Over the weekend I did not log all my food and the scale is showing it. I’m disappointed in myself. However, today is a new day.


I am battling a slow process of weight lose. I would love an accountability partner. My biggest issue is getting motivated to use my treadmill at least 3 days a week


I'm trying to los 6 pds by March 17 - I'd like to join please


Welcome U1193834532 and anyone else who just joining. Let’s all try to show up, check in and support each other. Isn’t that what accountability about?
I was close to giving up today. I keep losing and gaining the same 10lbs. I’m frustrated and discouraged. My go to is sugary foods. I find total deprivation doesn’t work for me. I did have a sweet treat (I don’t want to be specific in case someone else might be triggered). I actually only ate one. I also logged it. I still feel like a failure. Those thoughts are old behaviour. I lost 60lbs from January to the end of May last year, without trying. I had no appetite as I was sick most of that time with lung infections. I died on June 5th. I saw my doctor on Thursday May 31st for an infected toe. Started on antibiotics, by Sunday I had double pneumonia that turned septic. The infection got into my heart sac causing a heart attack. I was home alone as my husband was in the hospital. I collapsed, vomited and choked on it. I stopped breathing. I was on the bedroom floor literally dead for a minimum of six hours. My husband had to call the police for a wellness check. The ER docs did not think I would pull thru and if I did they had no idea about how much or if I had suffered brain damage. My husband had to sign a DNR for me that night. Clearly I pulled thru after three days on a ventilator. No damage was done to my heart. No brain damage. The ER doc, ICU docs and CCU docs were amazed. I was given a second chance and I want to be able to hike, kayak, fit in an airplane seat without a seatbelt extender. I don’t want to fail; I’ve given my power back to the flipping scale. I need to relearn how to not let that number dictate if I succeed or fail. Dieting makes me crazy. I turn into a scared shadow of myself. I don’t want to lose myself again. Right now a part of me feels hopeless. My husband doesn’t understand. I don’t have many friends here. I don’t have the support of people like myself that will call me out on my BS.
I know I have rambled, but I felt I needed to share some of my vulnerability in hopes someone reaches out.
Thank you to those that actually read this whole post. I am here if you need support. What we can not accomplish alone, together we can.


Hi there KT10-
Wow! You have been through a lot in the last year. Please remember to
be kind to yourself~ Changing your eating habits and building a healthy lifestyle take time. Putting extra pressure on yourself may seem like it will help but can actually backfire.
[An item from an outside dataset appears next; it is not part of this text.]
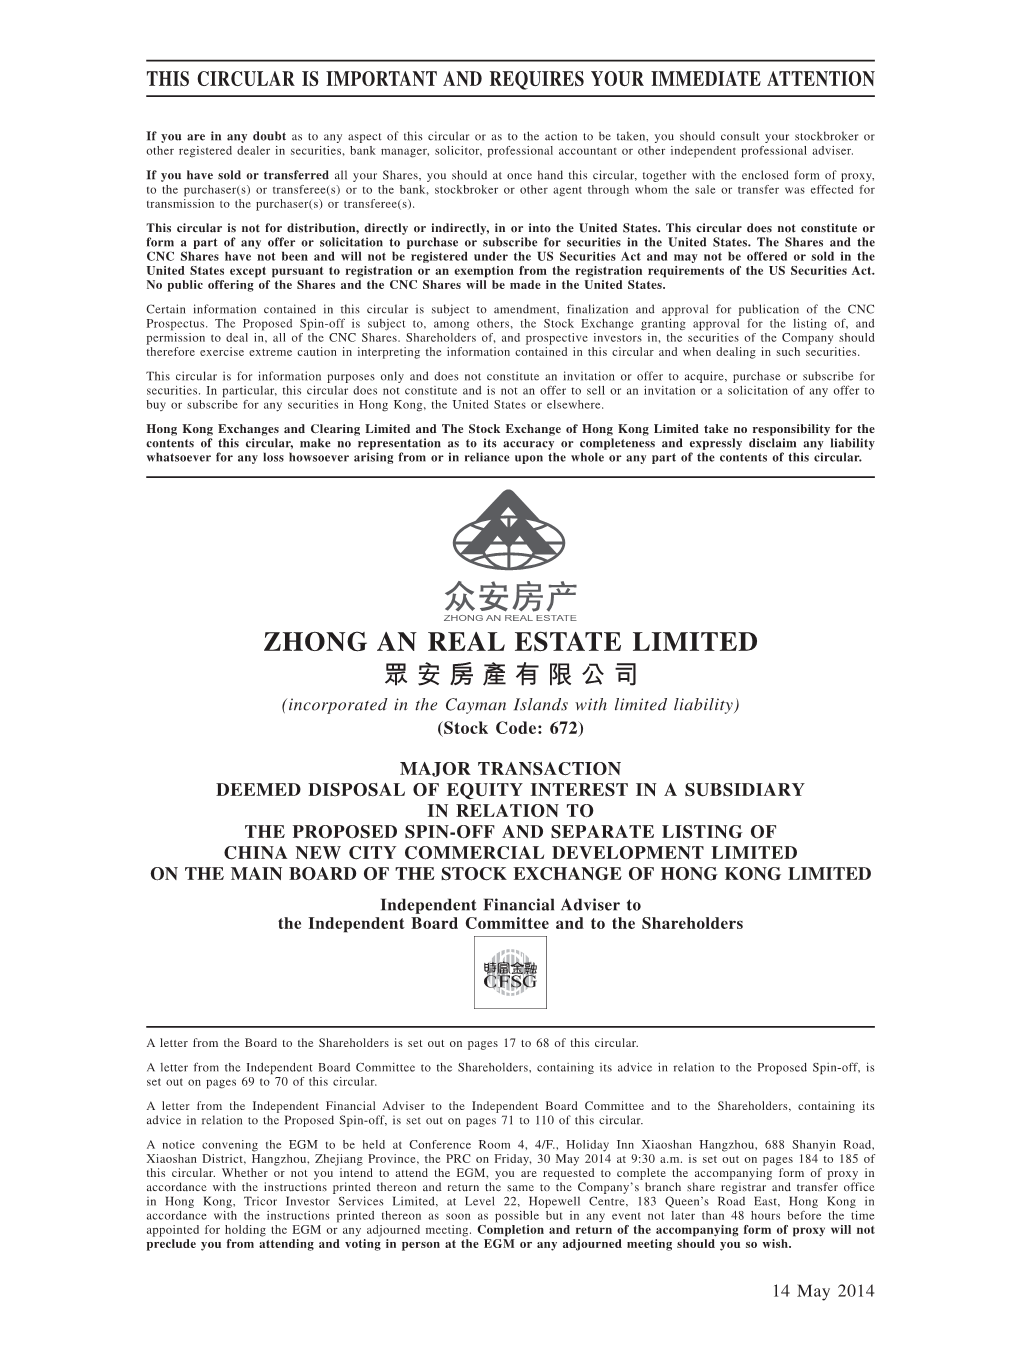 ZHONG an REAL ESTATE LIMITED 眾安房產有限公司 (Incorporated in the Cayman Islands with Limited Liability) (Stock Code: 672)
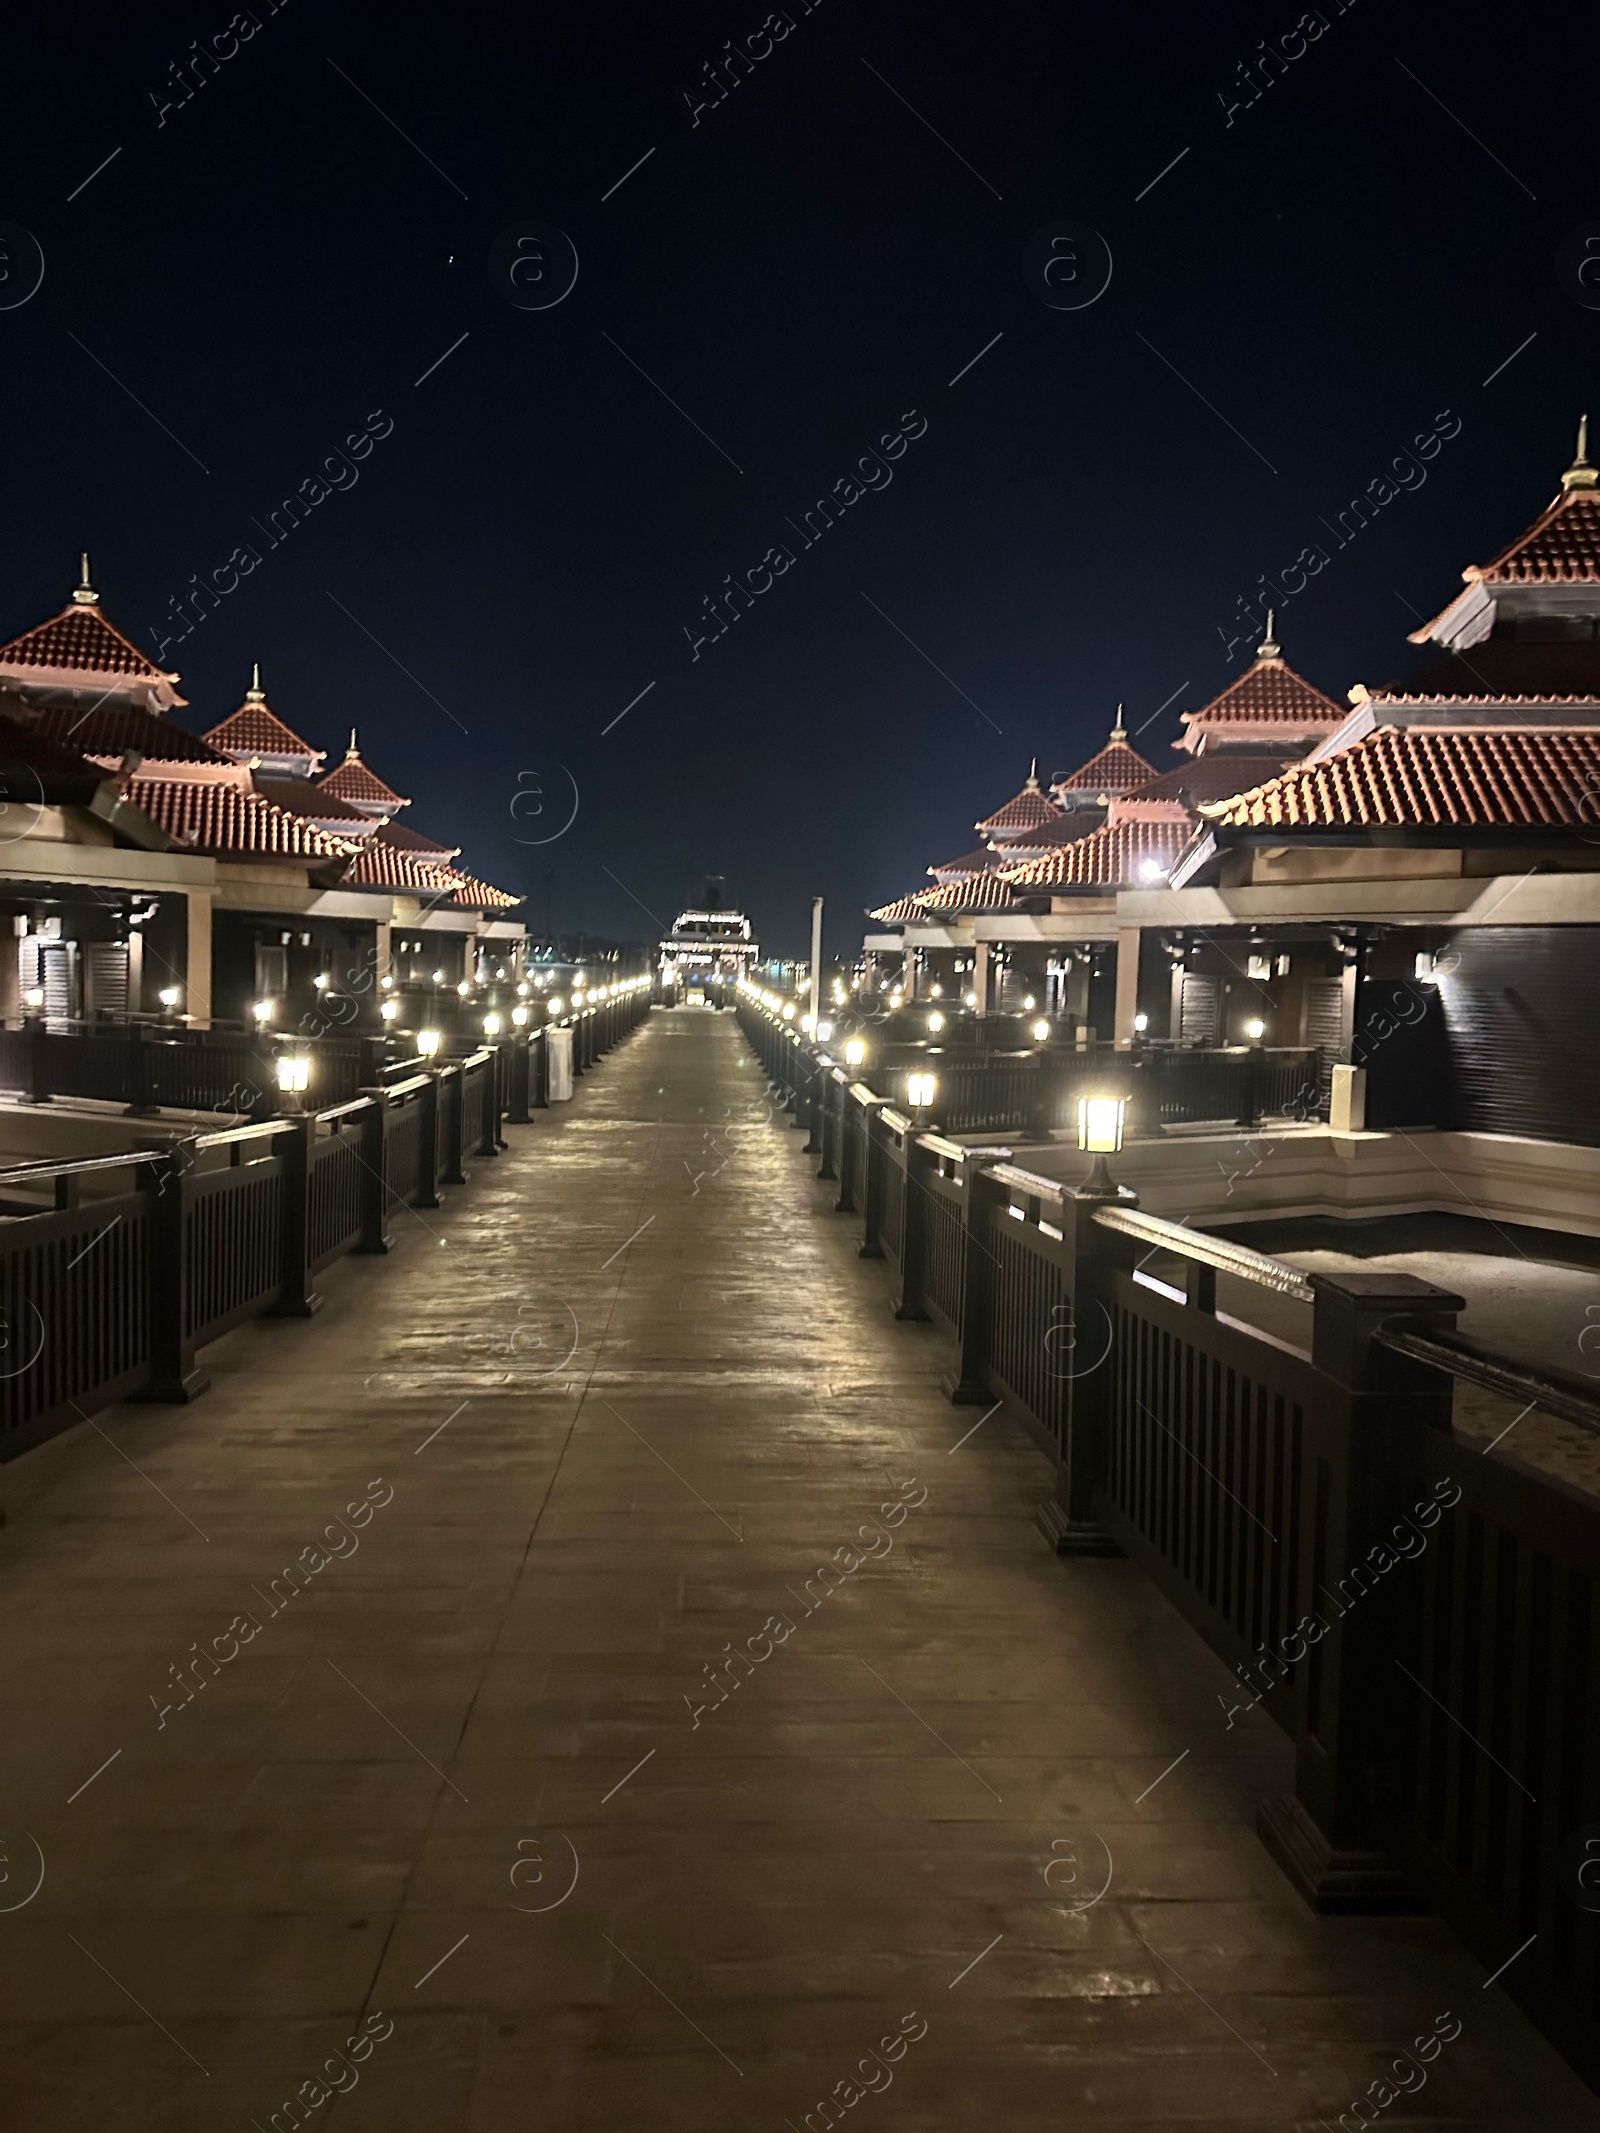 Photo of Paved pathway and buildings in city at night

I think you will find these articles helpful in reaching your health goals:
1. Finding support: https://www.mynetdiary.com/social-support-weight-loss.html
2. The power of positive thinking: https://www.mynetdiary.com/positive-self-care-quotes.html
3. Videos to help you optimize tracking: https://www.mynetdiary.com/mynetdiary-how-to-videos-can-help-you-become-a-tracking-pro-in-no-time.html

You've got this! Joanna (MyNetDiary Dietitian)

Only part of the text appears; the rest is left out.